For the purpose of section 2(3) of the UK Law of Property (Miscellaneous Provisions) Act 1989 (and similarly, for the purpose of section 37(2) of the Registered Land Law), can the contract be “signed” by an email that incorporates an automatically generated email footer? In apparently the first UK case to deal with this specific issue, the County Court of Manchester has answered “Yes”. The case is the decision of His Honour Judge Pearce (HHJ Pearce) in Neocleous & Anor v Rees  EWHC 2462 (Ch) (20 September 2019).
Neocleous & Anor v Rees
In that case, the parties’ solicitors agreed in an exchange of emails (constituting a single email chain) to compromise the dispute by the defendant (R) transferring to the claimants (N) a small piece of land adjacent to Lake Windermere in consideration of £175,000 to be paid by N to R. N subsequently sought specific performance of the compromise agreement.
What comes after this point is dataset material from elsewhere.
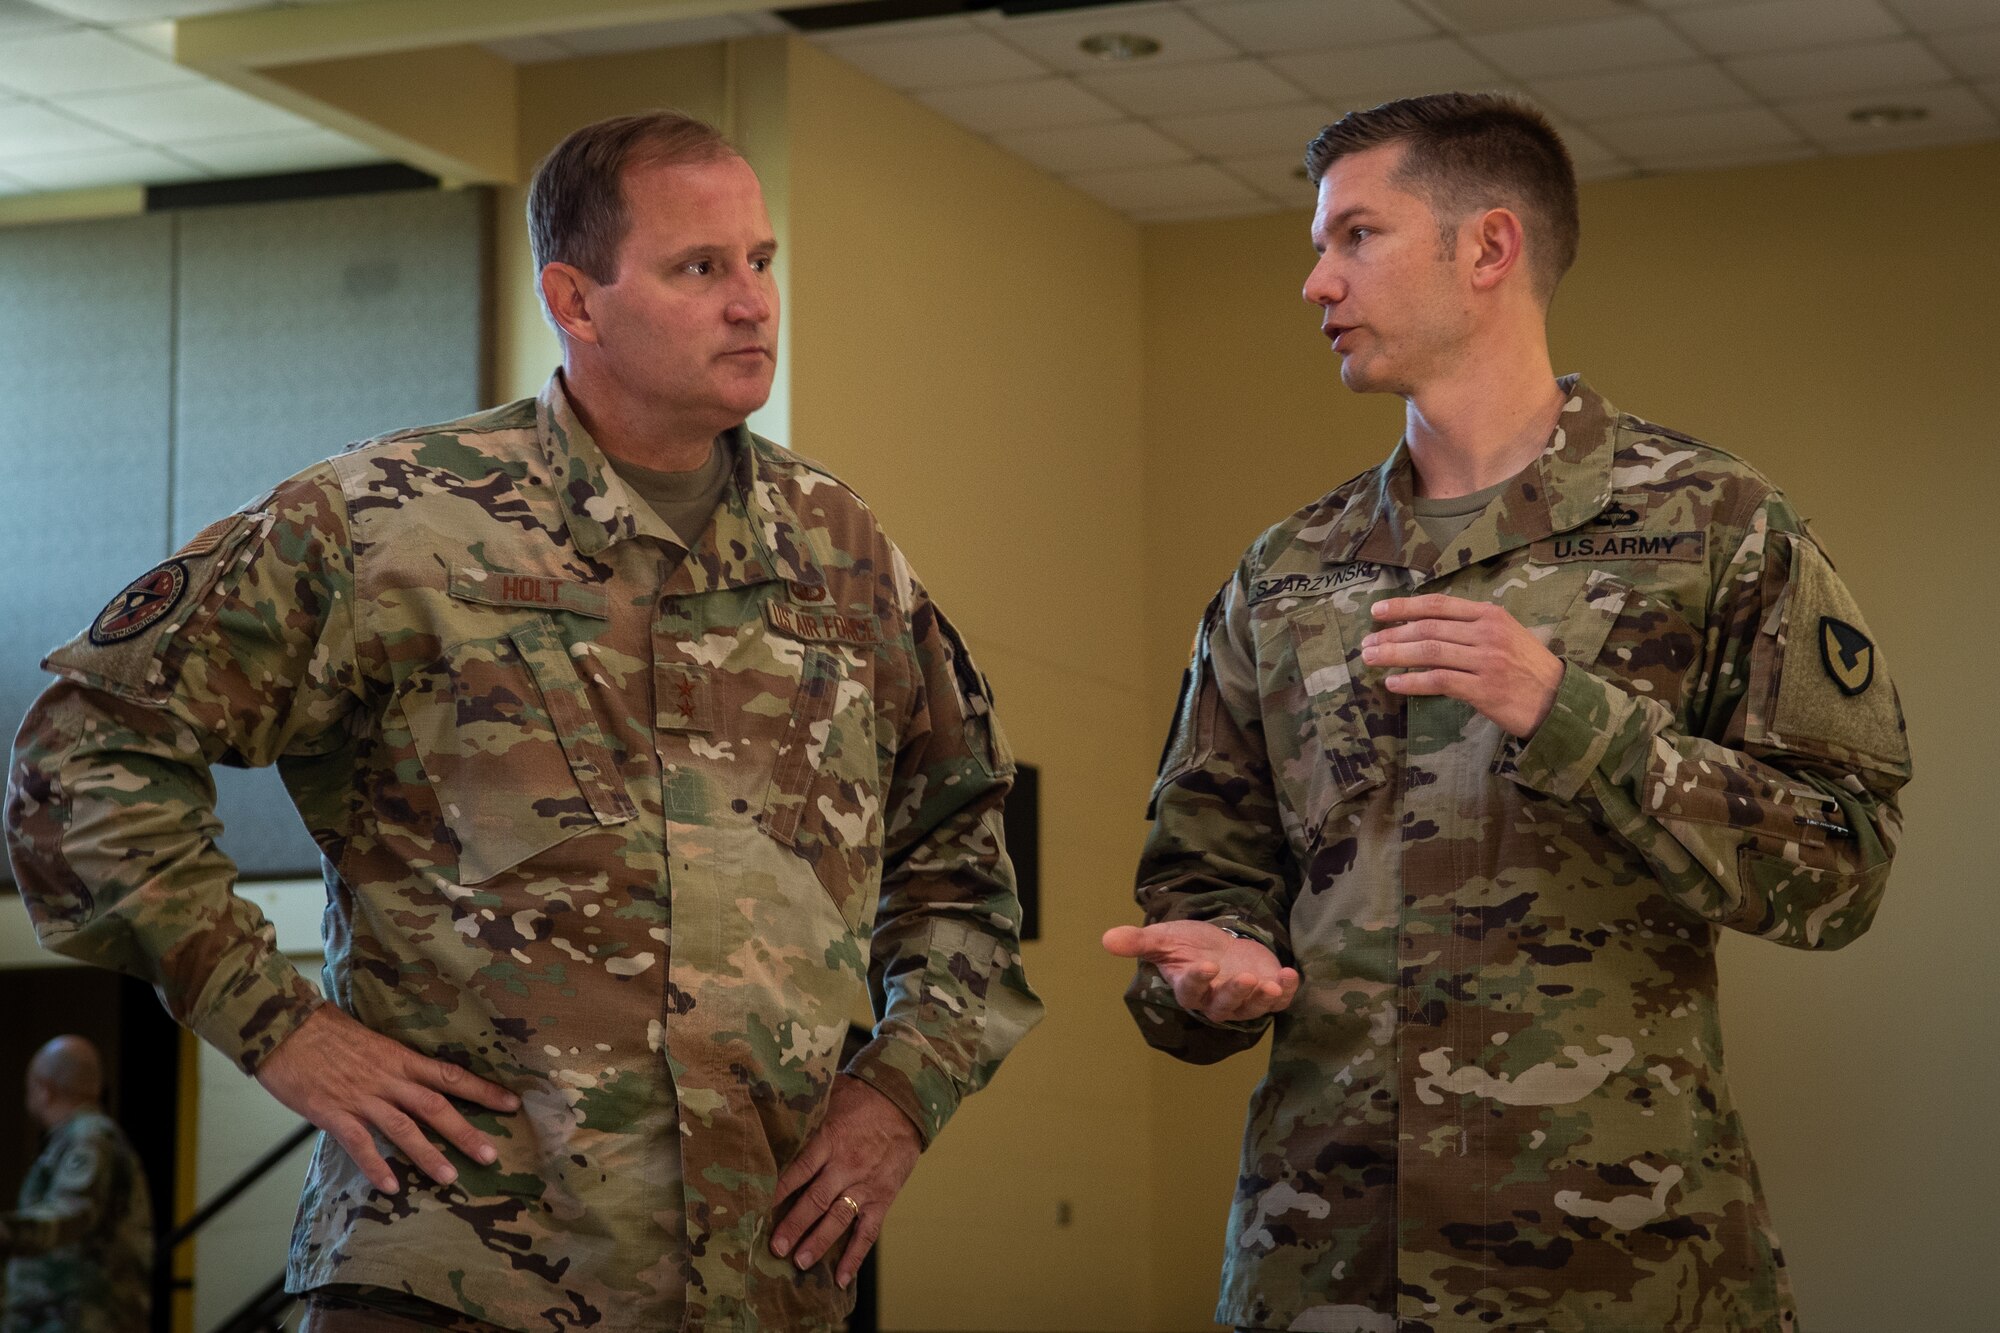 Army Maj. Matthew Szarzynski, right, 419th Contracting Support Brigade contracting officer speaks with Air Force Maj. Gen. Cameron Holt, Deputy Secretary for Contracting, Office of the Assistant Secretary of the Air Force for Acquisition, Technology and Logistics, at Fort Bragg, North Carolina, June 24, 2021. Holt visited the exercise and briefed airmen and soldiers on the benefits of working in a joint environment for training exercises. (U.S. Air Force photo by Airman 1st Class David Lynn)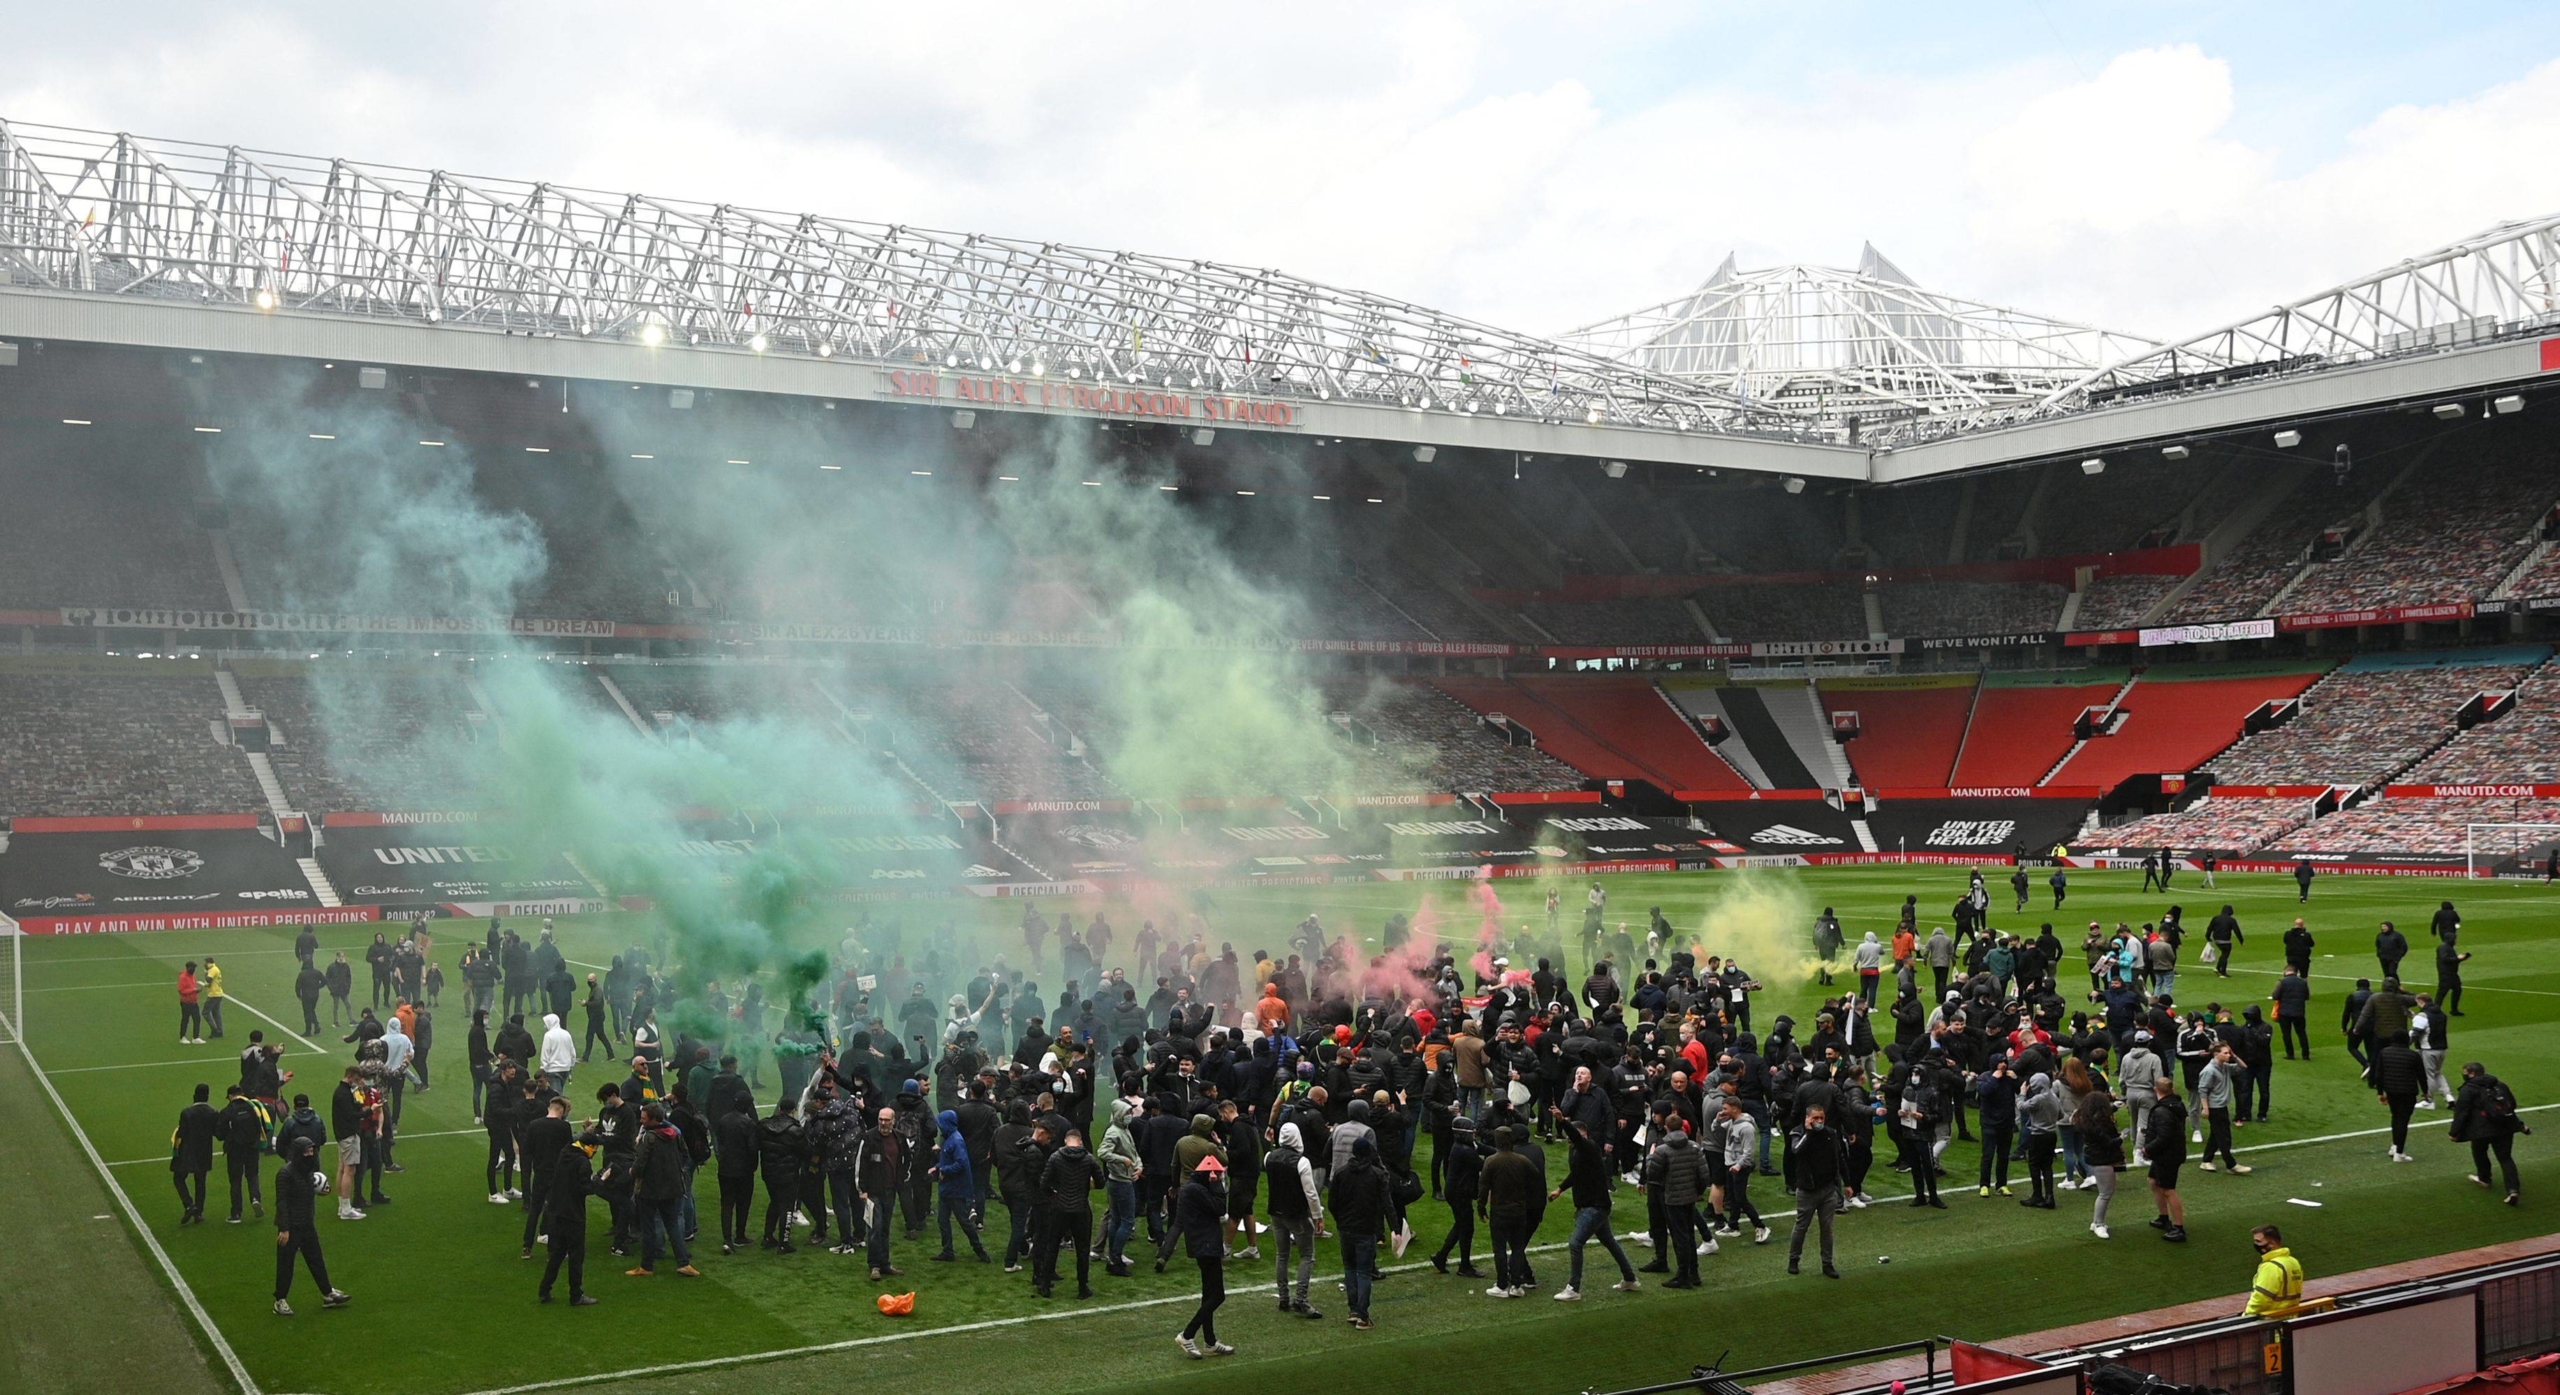 At Old Trafford, there have frequently been demonstrations against the Glazer family's ownership of the team.

R argued that the emails exchanged between the parties’ solicitors did not satisfy the requirement that the contract had to be “signed” by or on behalf of each party. This was because the purported signature by R’s solicitor on an email setting out the main terms of the settlement agreed between the parties arose from the automatic generation of his name, occupation, role and contact details at the foot of the email.
HHJ Pearce found for N, holding that the automatic email footer was a sufficient act of signing.
I quote the following summary of the decision from a UK source:
“A name in the ‘footer’ of an email amounted to a signature for the purposes of section 2 of the 1989 Act as long as the name was applied with authenticating intent. In this case, therefore, R’s solicitor had signed the relevant email on behalf of R.
Although under the email account’s settings the relevant words were added automatically to every email without any action or intention on the solicitor's part, the setting up of that rule in the first place had involved the conscious action of a person. It was difficult therefore to distinguish between a name and other details added pursuant to a general rule from the situation where the sender manually adds those details to every email, especially as the recipient of the email has no way of knowing whether the details were added automatically or manually. Looked at objectively, the presence of the name indicated a clear intention to associate the author with the email.
It was also relevant that R’s solicitor had inserted the words “Many thanks” before the automatic footer in his email as this strongly suggested that the solicitor was relying on the automatic footer to sign off his name.”
Electronic Transactions Law (2003 Revision)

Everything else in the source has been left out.